>>>

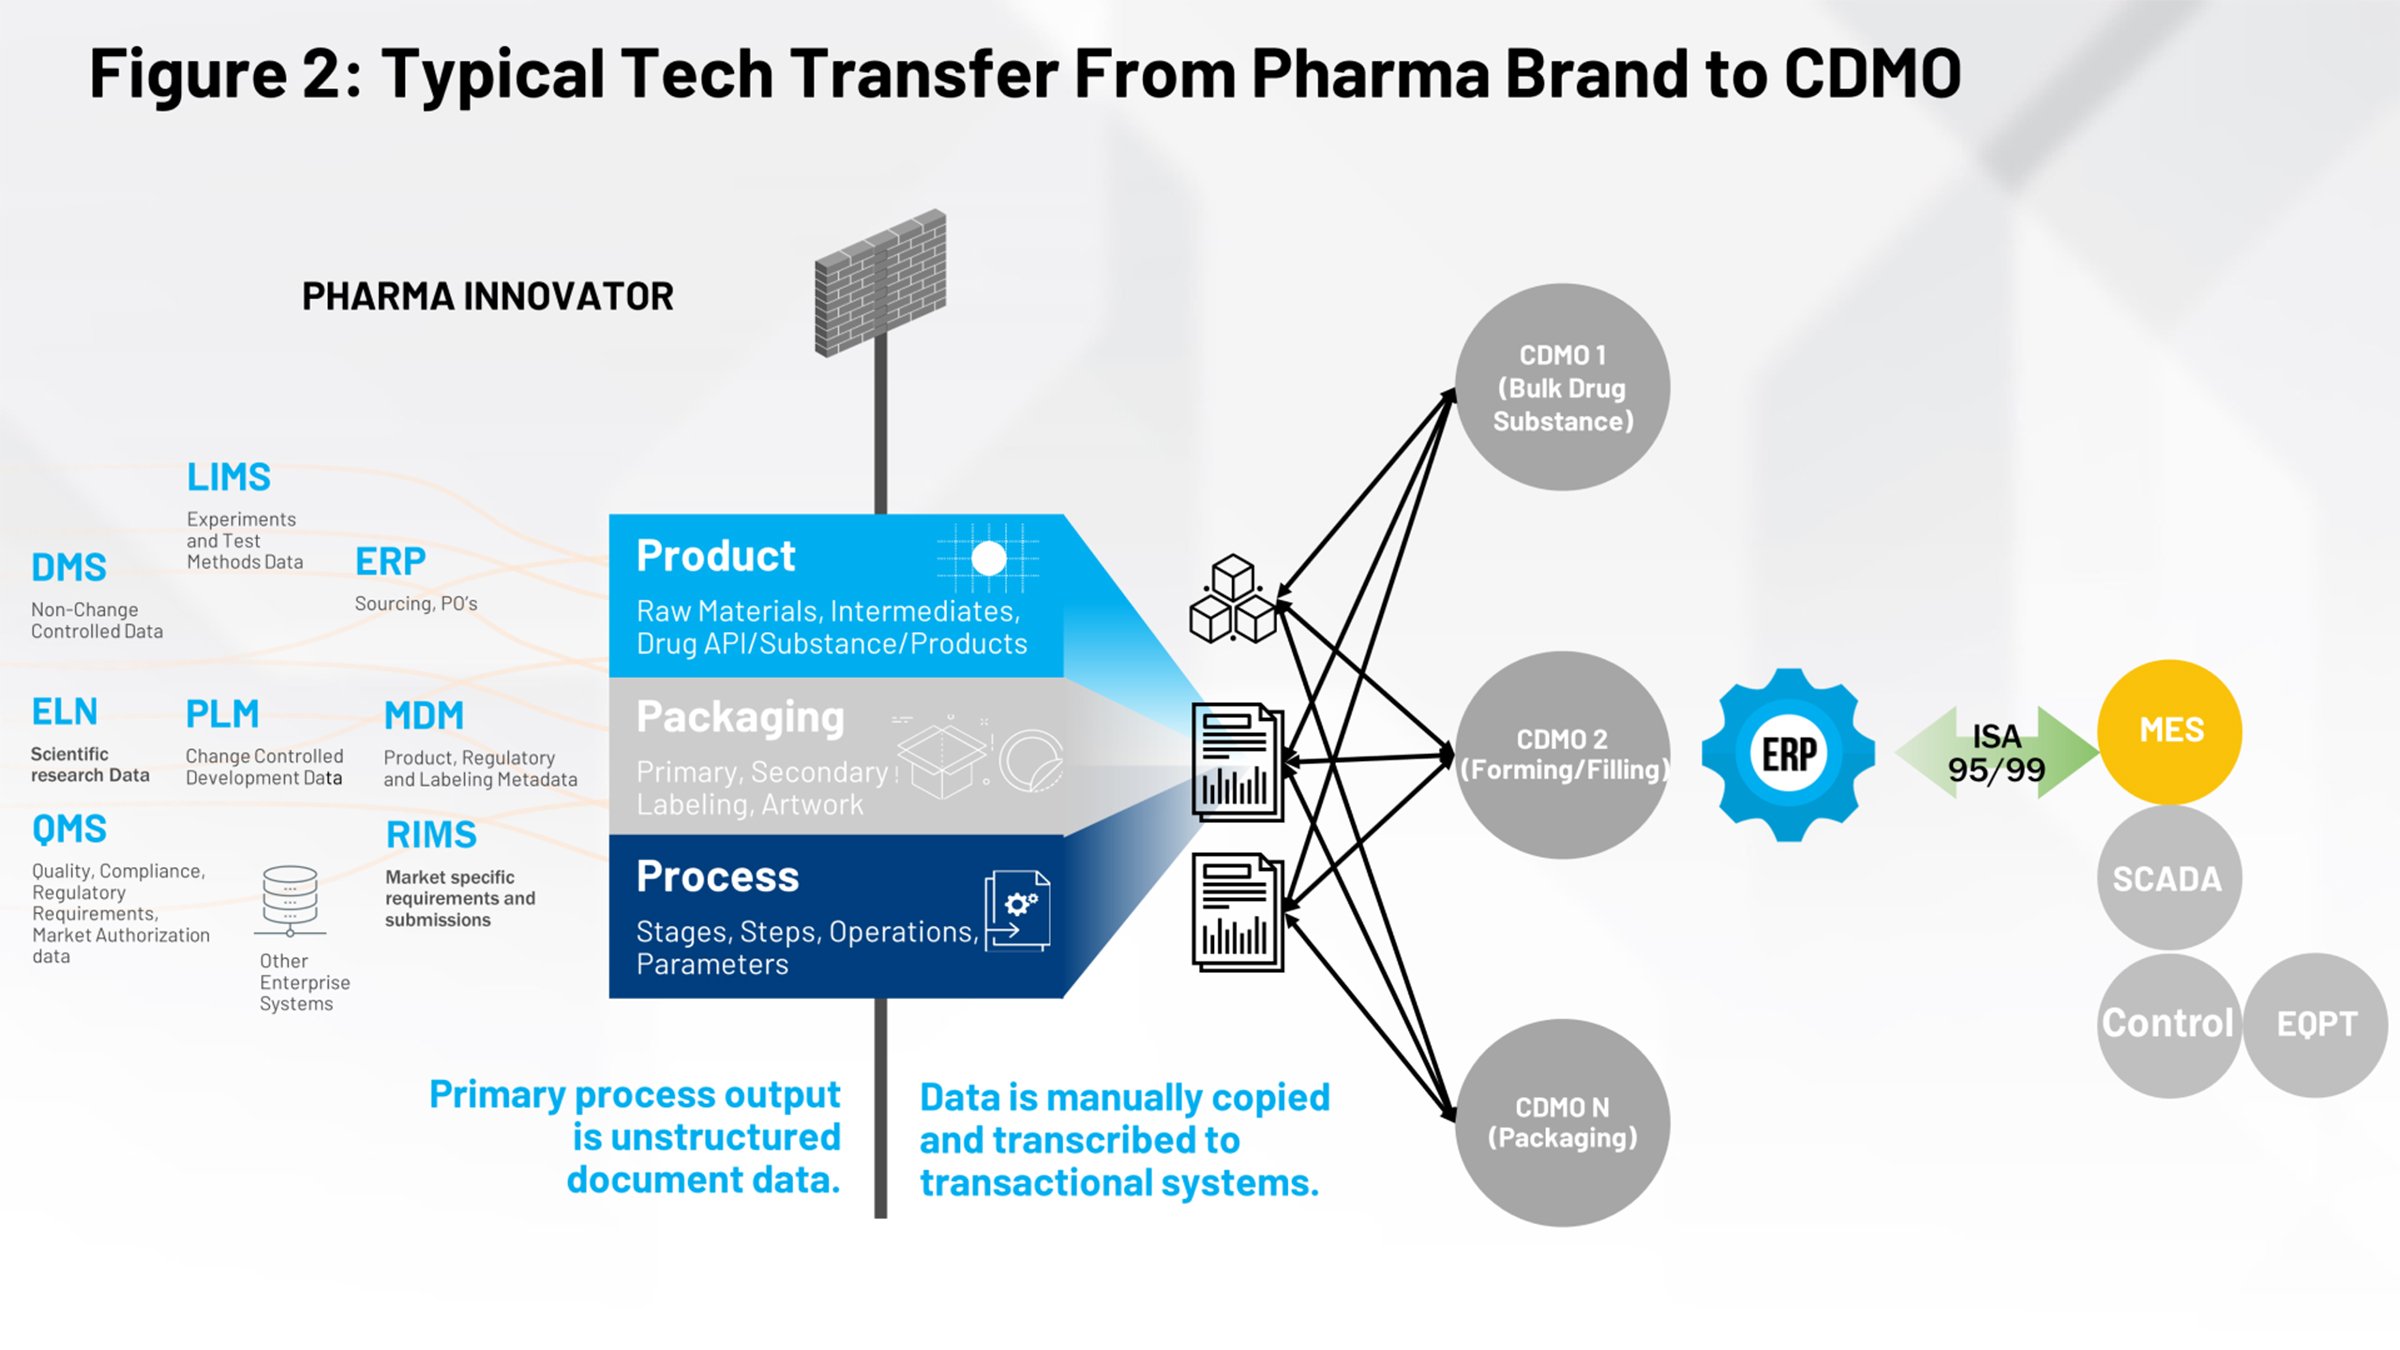 图 2：从制药品牌到 CDMO 的典型技术转移
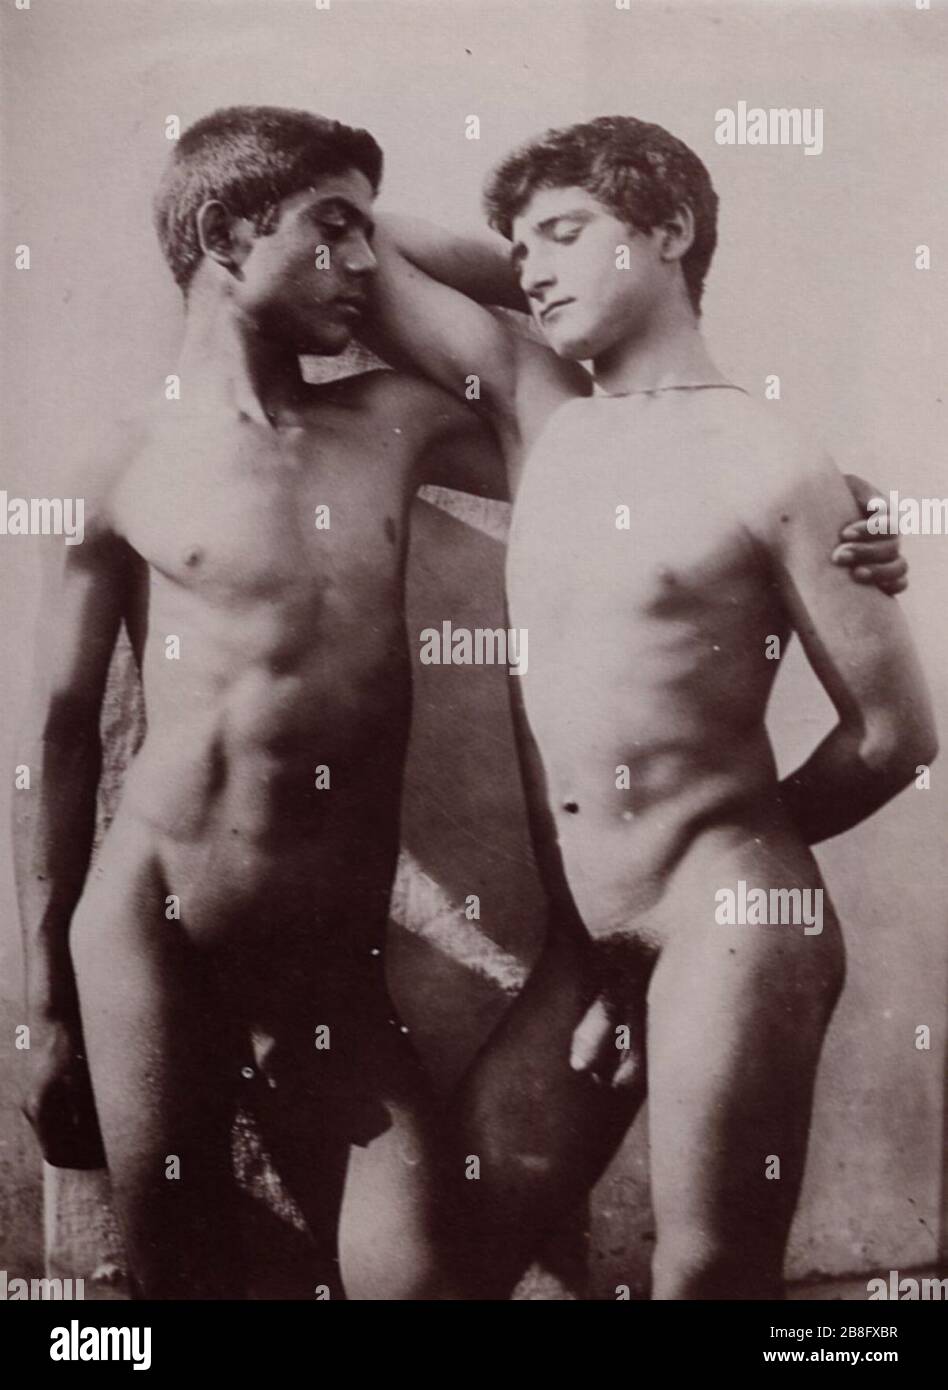 Gloeden, Wilhelm von - Zwei sich vor einer weißen Wand umarmende Freunde Foto Stock
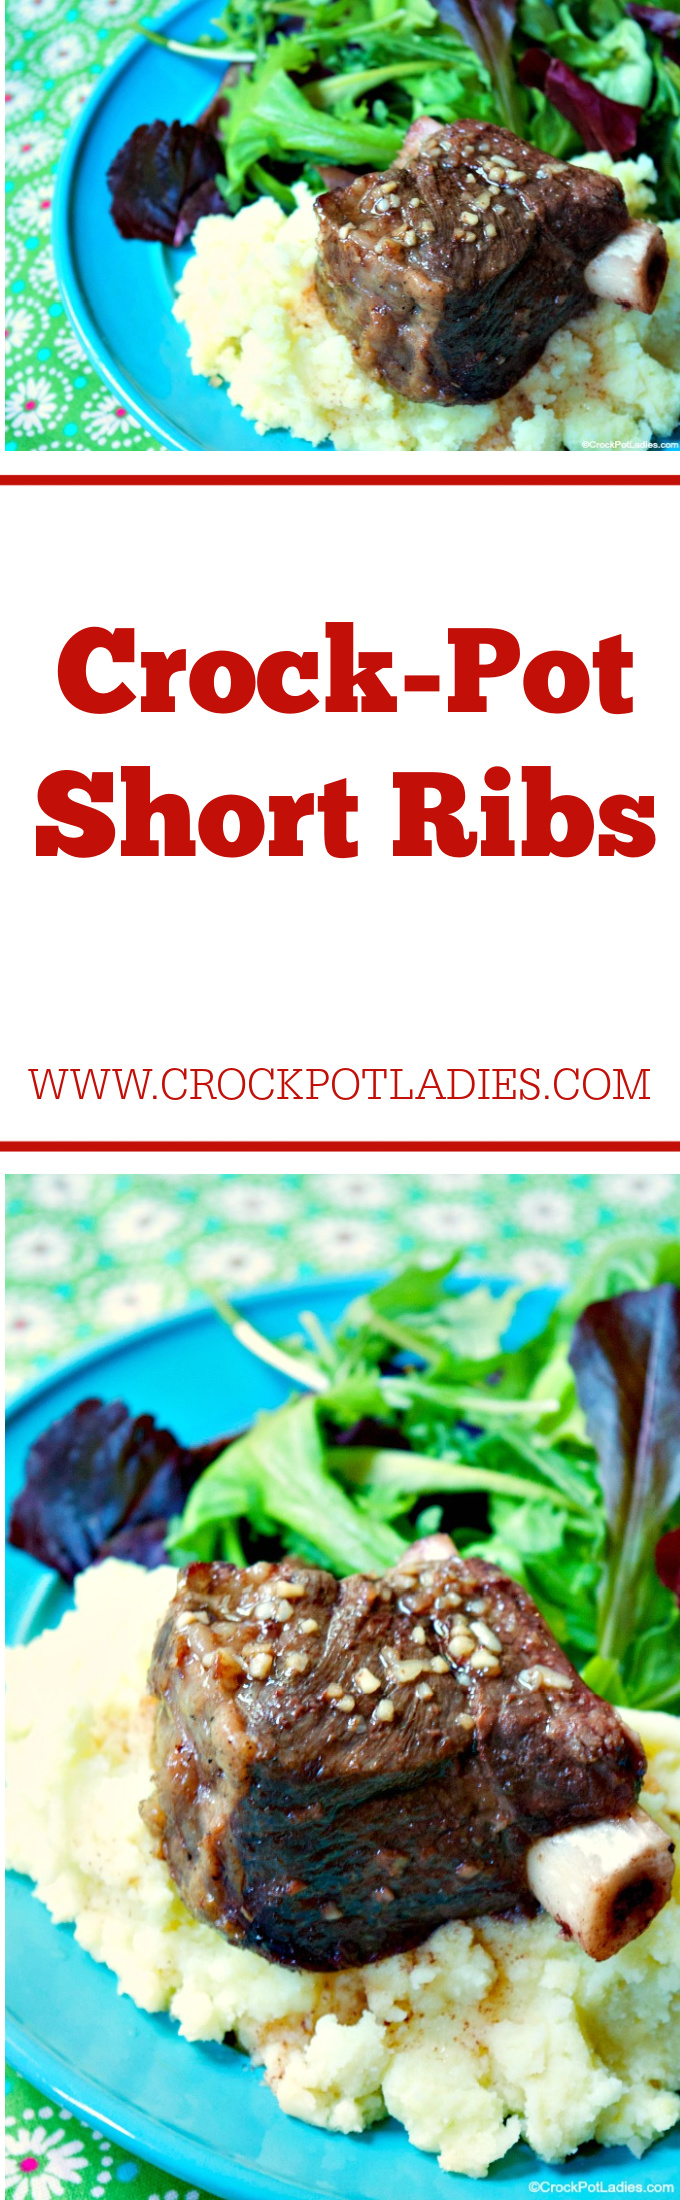 Crock-Pot Short Ribs

<<<

§ **EXERCISE AIM**
Copy out the material above in full and exactly, but with no pictures.

§ **EXERCISE RESPONSE**
 图 2：从制药品牌到 CDMO 的典型技术转移
 Gloeden, Wilhelm von - Zwei sich vor einer weißen Wand umarmende Freunde Foto Stock
 Crock-Pot Short Ribs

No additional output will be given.